Schwahn hopes to maintain a working balance of American TV tropes alongside the show’s definitively British setting to cement “The Royals” as a collaborative clash of cultures both sides of the pond will appreciate. With season two already set to begin production this spring, there’s plenty of pearls left to clutch.
“Americans should think the show is so British and the British should think it’s not British at all. And that’s where we’ve sort of lived. And I think that a lot of people who read the pilot, they tended to whisper a little bit how much they liked it, because they felt like it was a little cheeky,” Schwahn chuckled. “But ultimately, I think if you’ve seen the episodes you can kind of tell what we’re doing. And I think they got very comfortable with it … We like to say it’s ‘a’ royal family. It’s not ‘the’ royal family.
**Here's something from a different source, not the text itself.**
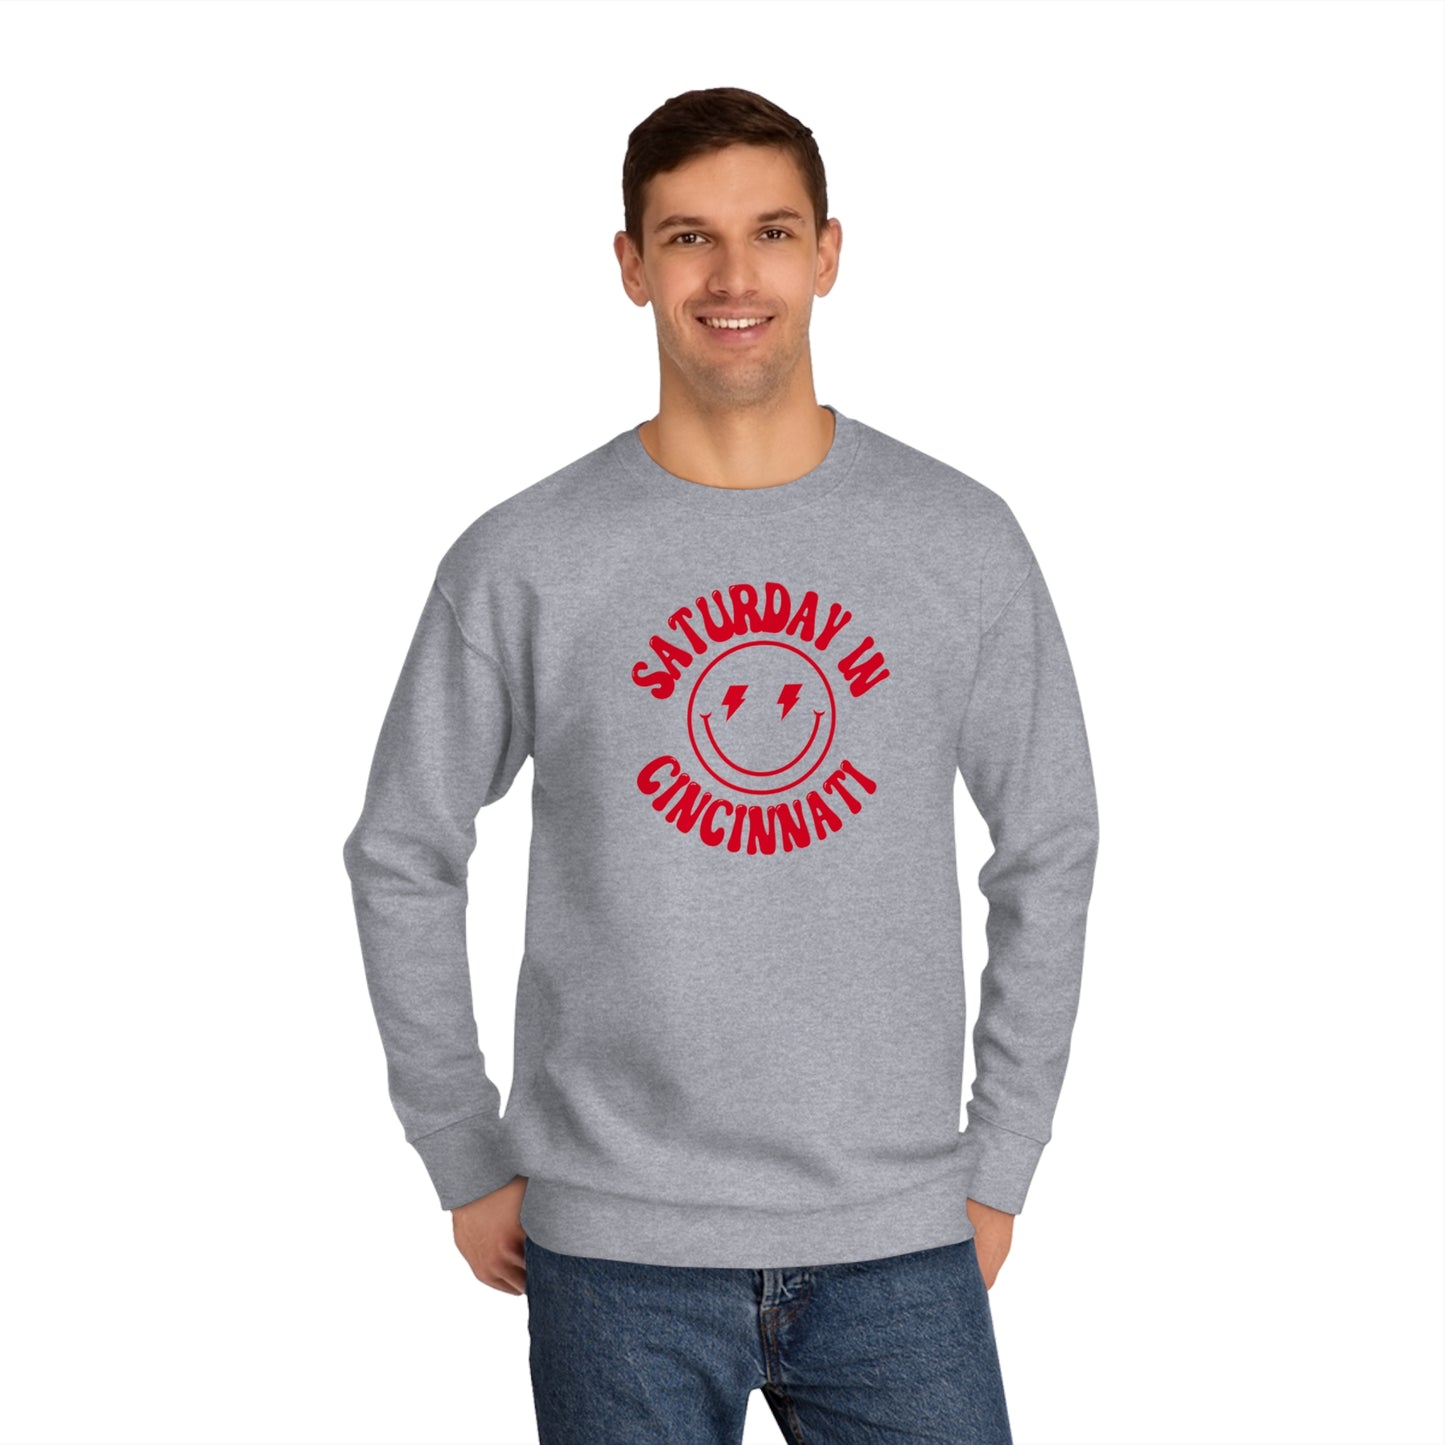 Smiley Cincinnati Crew Sweatshirt

So hopefully everyone approaches it with that spirit.”
As for Collins, the pressure of satirizing such a ubiquitous institution hasn’t seemed to even cross her mind. When asked if she’s worried how the real royal family will react to the show, she balks with an appropriately dignified scoff.
“What? Worried? No,” she dismisses, flicking her wrist for emphasis.
Are you ready for an entirely different game on an entirely different throne? Share your thoughts on “The Royals” in our comment section, and stick with @TheWorkprint for all your pop culture needs.
“The Royals” airs Sundays at 10/9c on E!.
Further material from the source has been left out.